If there was one thing I'm not sure of, it was using regular plywood and kerfing/bending  it to follow the line. It worked, but did create facets and personal stress during the process. The boy likes the facets, so I guess I like that about it, though a smooth curve from bending plywood or veneer over ribs seems like a better choice to me (I couldn't get bendy ply in a timely manner, so that drove the decision)

What I did learn about this process is:
  • This kerfing calculator is pretty accurate, though I felt like we needed an additional cut or two from it's suggested value. Do a few test runs on scrap.
  • The kerf show face will be dangerously thin to prevent splintering when bending. This is a problem when manhandling a nearly full sheet of plywood.
  • We utilized a T-square Circ saw jig since my rip fence wasn't wide enough to do all the cuts on the Table saw.
  • We used Polyurethane glue in the kerfs to provide a paintable gap fill with the expanding foam. This kind of worked (required some cleanup chisel work) but would have been better to just use paintable caulk afterwards


There are many resources for electronics setup with the retropie setup, so I won't go into great detail. I will just highlight a couple of things I didn't know about.

I stressed about snap-in vs. screw buttons. A clean hole from a correctly sized carbide forstner bit (highly recomended) and the widely available snap-in will be just fine in 3/4 wood. Normal use pushes them tight into the hole so they won't pop out, and since this isn't a public arcade, I'm not worried about vandals prying them up from the top surface. It's literally fine.

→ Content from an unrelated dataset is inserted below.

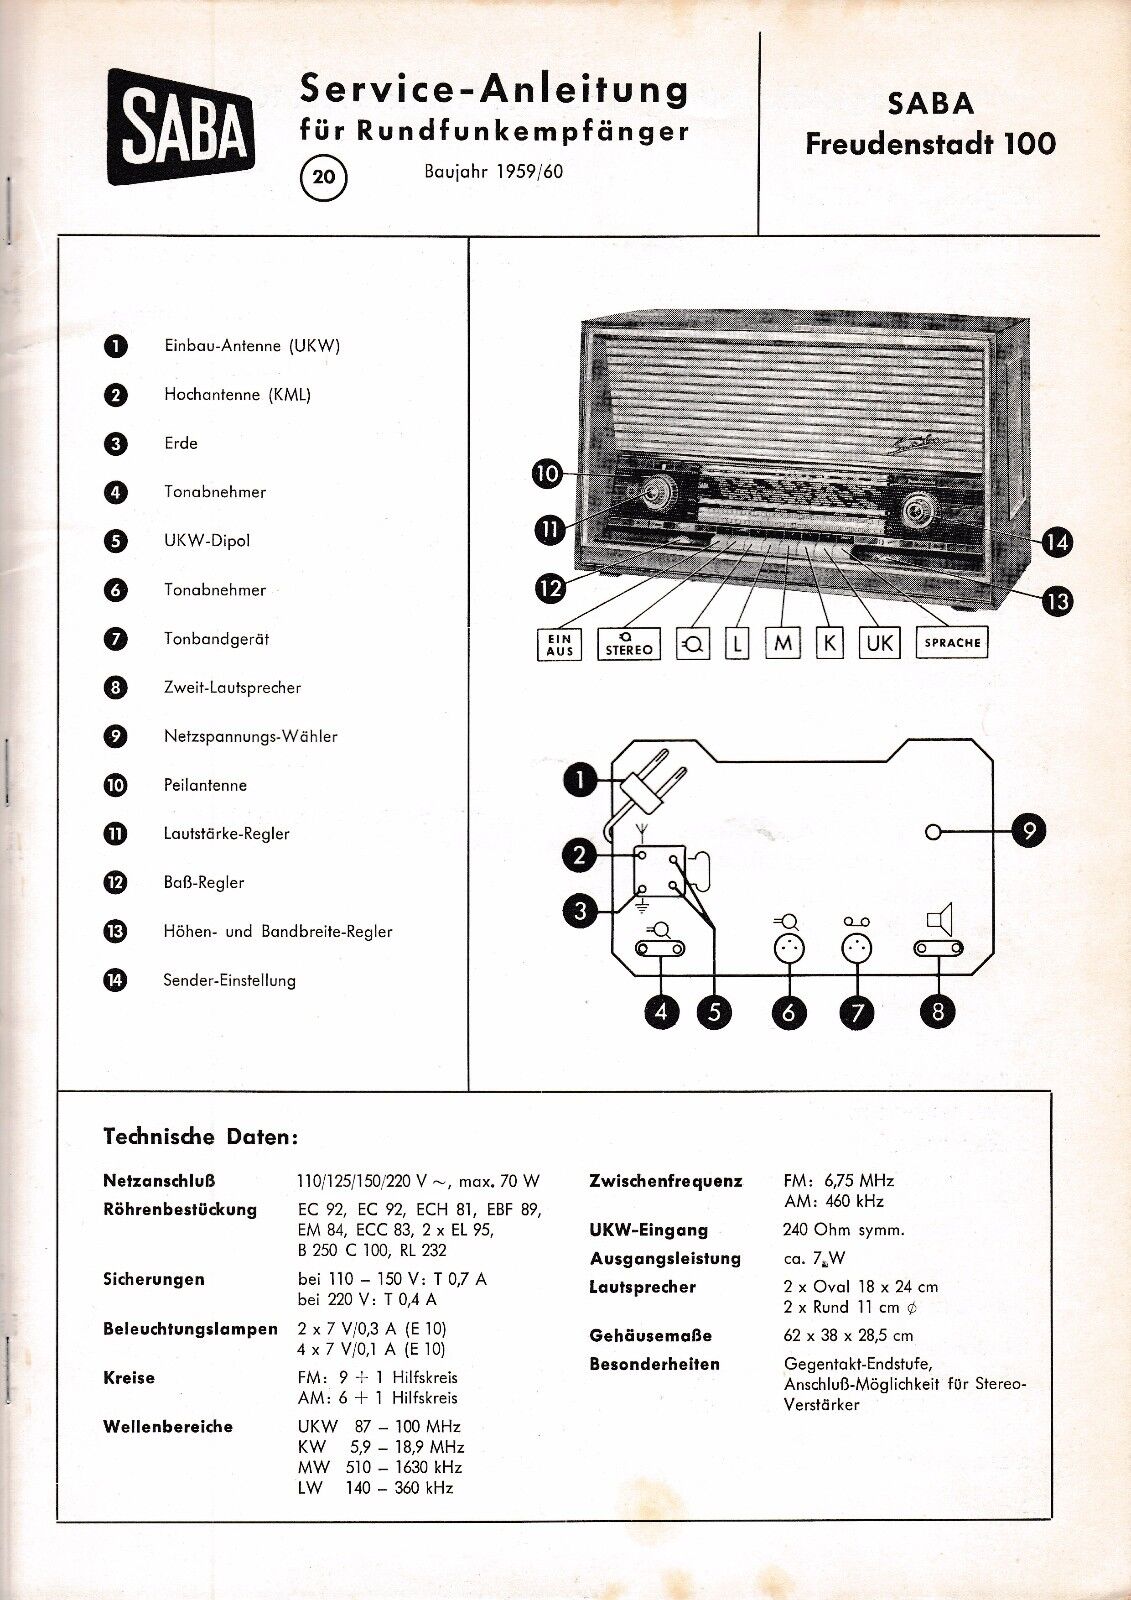 Service Manual Instructions for Saba Freudenstadt 100

I was worried that given the increased depth of the wood top panel, the joystick would need extensions. I tried them, it's better without. They aren't required at 3/4" thickness.

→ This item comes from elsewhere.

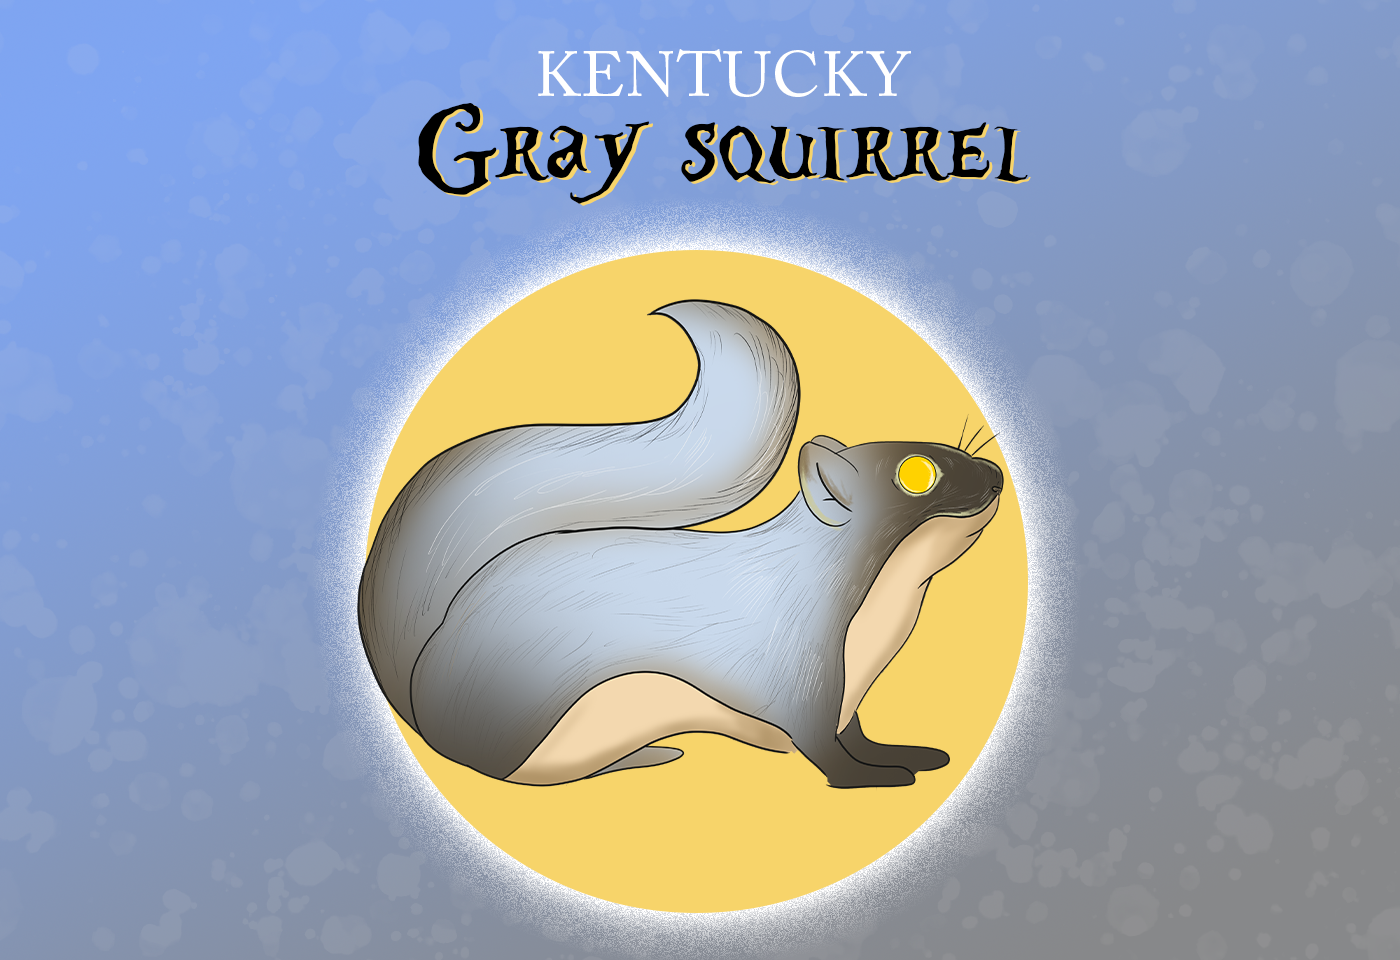 Gray Squirrel Kentucky State Wild Game Animal

Inside the main box, I found it useful to snake a few extension cords for USB/HDMI/power through the exterior. This makes final connections easy. I recessed the ports and hot glued them in. It's a nice feature and makes the central unit feel much more polished than other possible solutions.

I was originally going to wire this cabinet up with the traditional socket and switch, but found a simple power strip (with longish cord) on the top shelf is hidden and fine. The cabinet construction lets you snake the power cord out easily. Then TV, Raspberry pie etc. plugs into that.
When wiring up the USB controllers, get them wired to the controls FIRST, then mount it to the box based on wire slack available. Speaking of mounting the control PCB's ...Hot melt glue is fine, like we did on the first two... but use the low temp little guns, not the upgraded hi temp gun I bought mid project and fried P3 & P4 the first time and need replacements. 

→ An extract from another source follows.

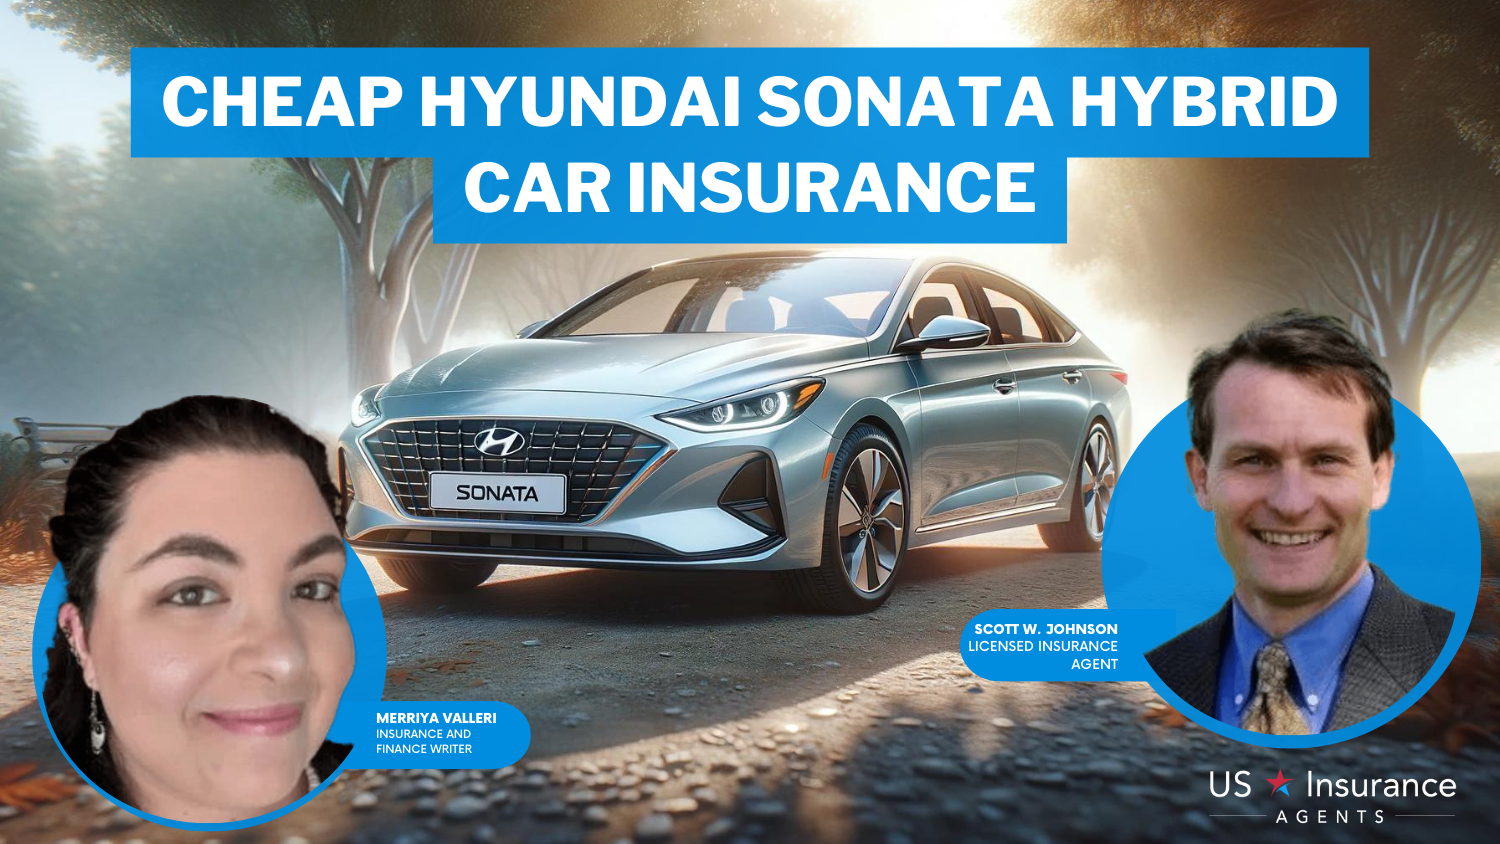 Cheap Hyundai Sonata Hybrid Car Insurance: State Farm, Progressive, and Liberty Mutual

It's painted. I dislike painting, but you probably already have an opinion on that. Trim everything, fill everything, lightly sand everything, prime (always Zinsser BIN), paint it how you want.

The Plans

A few things changed from the rough drawings outlined here, hopefully they will be obvious as you see in the construction photos or read above. but these are here for reference for those that benefit from numbers.

Most notable change is, there was originally a bezel that was to give some structure and mount the TV Panel to. In the end, I found the construction to be solid and it wasn't needed, so I simplified the TV mount to an articulated VESA arm, which allows re-positioning when converting 2p to 4p. The back and top are all one piece not two as shown in the drawing.  Also, originally I had ribs to support the curved top. These aren't needed given the way I constructed it., Had I used a thinner more flexible part, maybe it would.

This was a great project. We've had many good moments at this machine. It was great to work with my son on a project that we both can enjoy both from the time spent working together on it, as well as the time spent together at the controls. I hope there are many more beyond this one.